MATERIAL PROVIDED
* * * * *

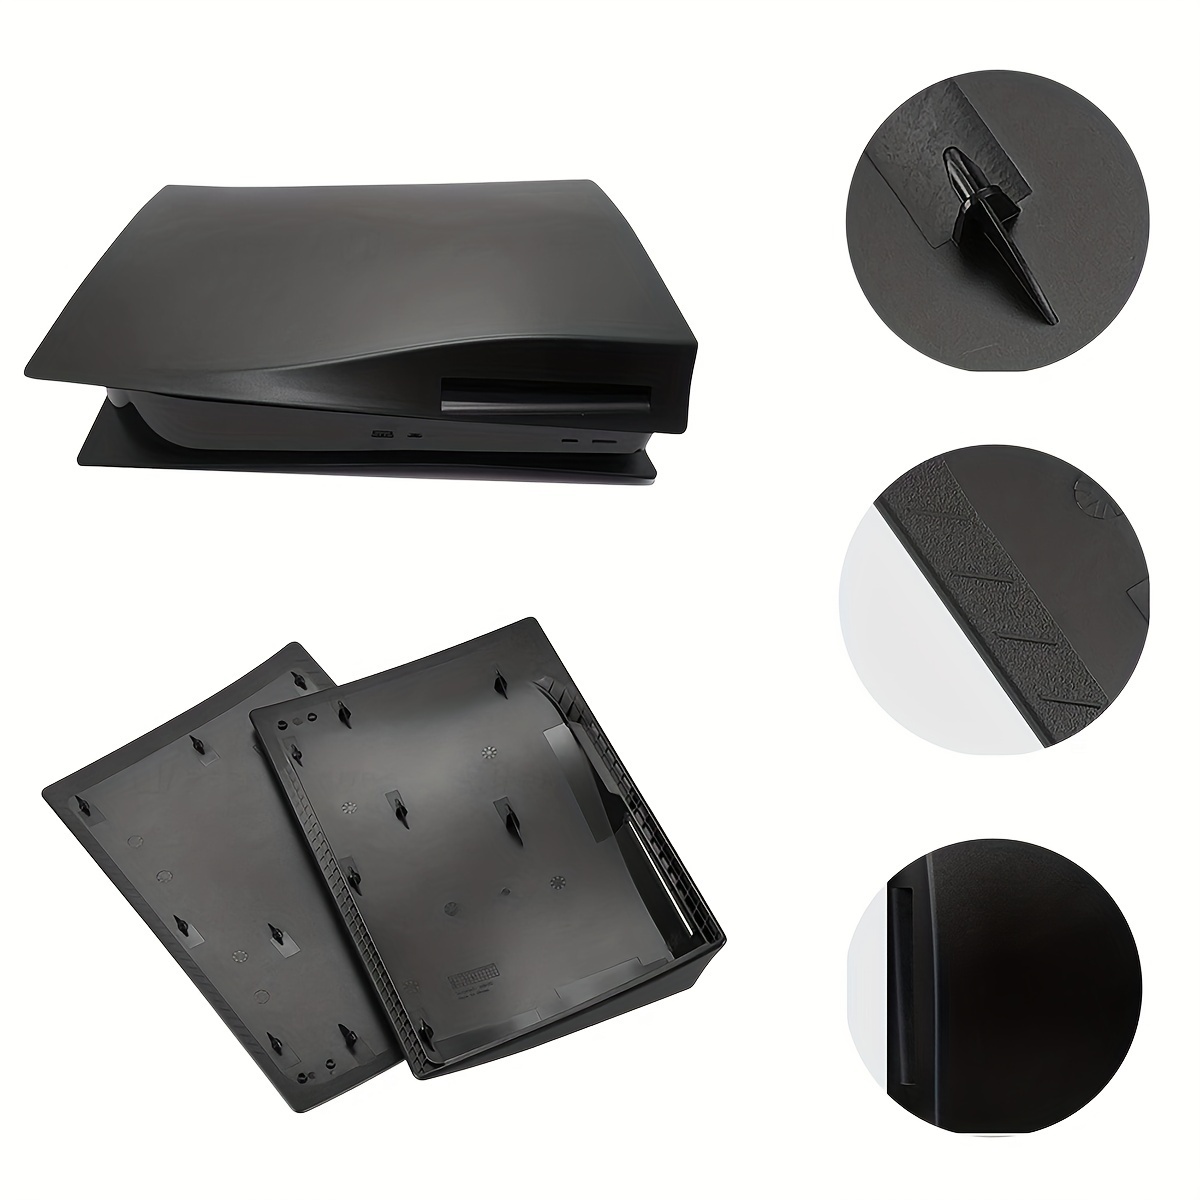 Accessories - Carcasa protectora para Playstation 5, de ABS, antiarañazos,  a prueba de polvo, placa frontal de repuesto para consola PS5 (edición de
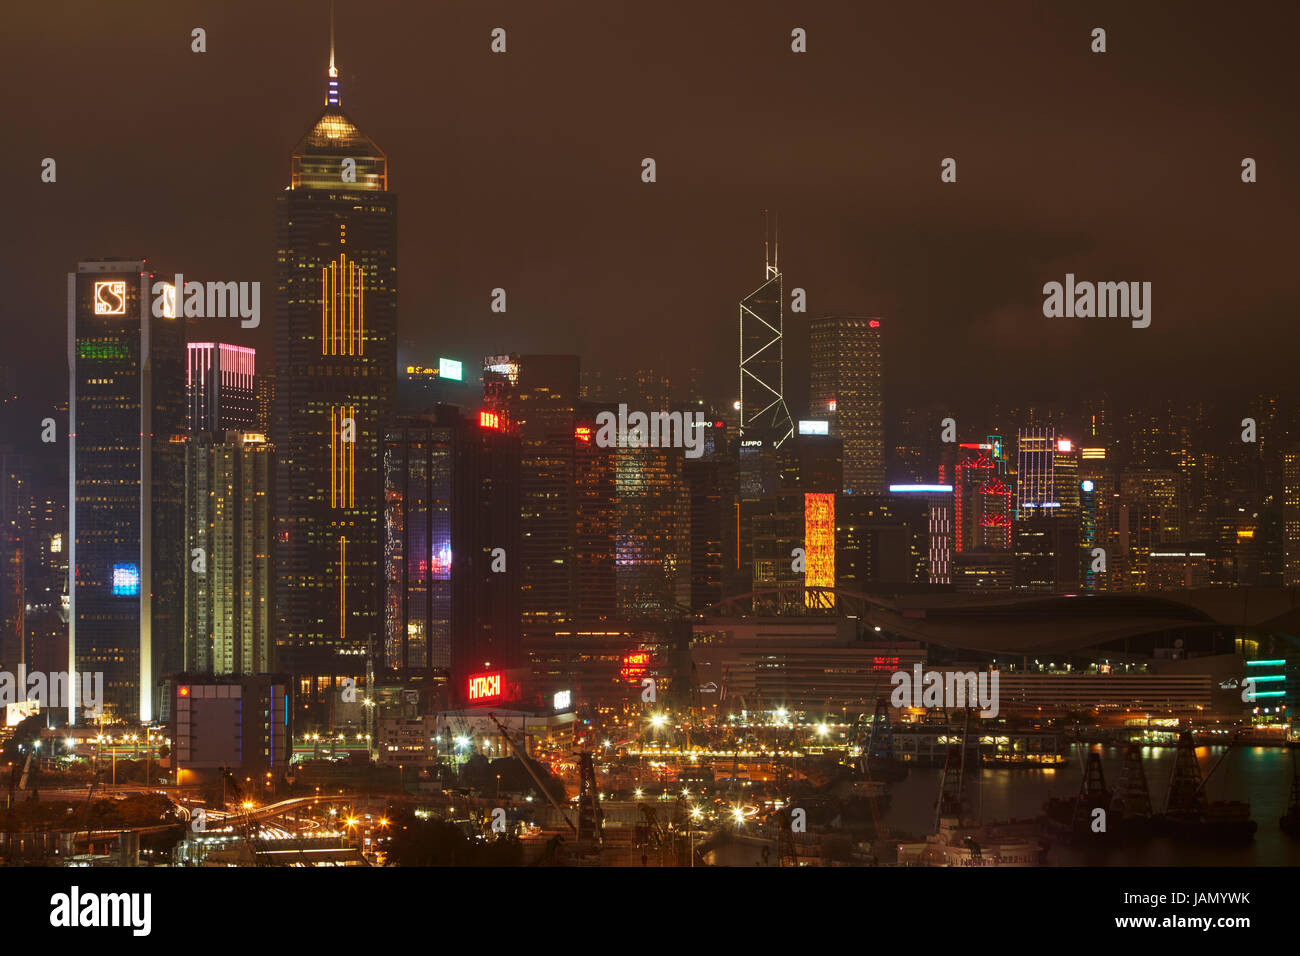 High rise buildings at night, Hong Kong Island, Hong Kong, China Stock Photo
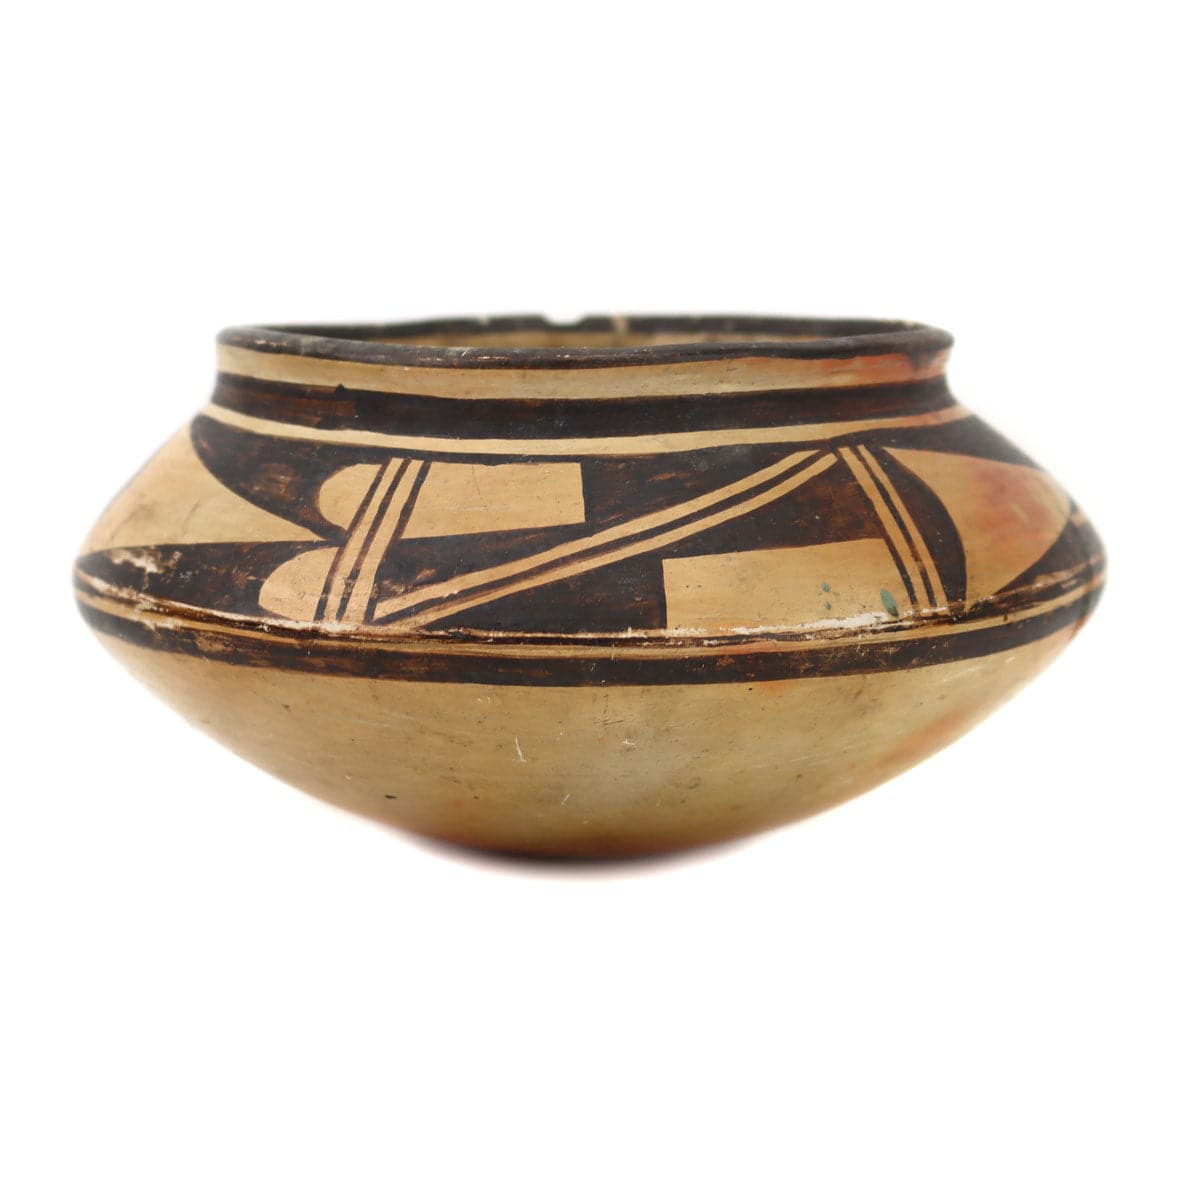 Hopi Polychrome Jar c. 1920s, 3.25" x 6" (P3513)

* * * * *

Every word of the material, and none of its pictures, should be set down again.

 Accessories - Carcasa protectora para Playstation 5, de ABS, antiarañazos,  a prueba de polvo, placa frontal de repuesto para consola PS5 (edición de
 High rise buildings at night, Hong Kong Island, Hong Kong, China Stock Photo
 Hopi Polychrome Jar c. 1920s, 3.25" x 6" (P3513)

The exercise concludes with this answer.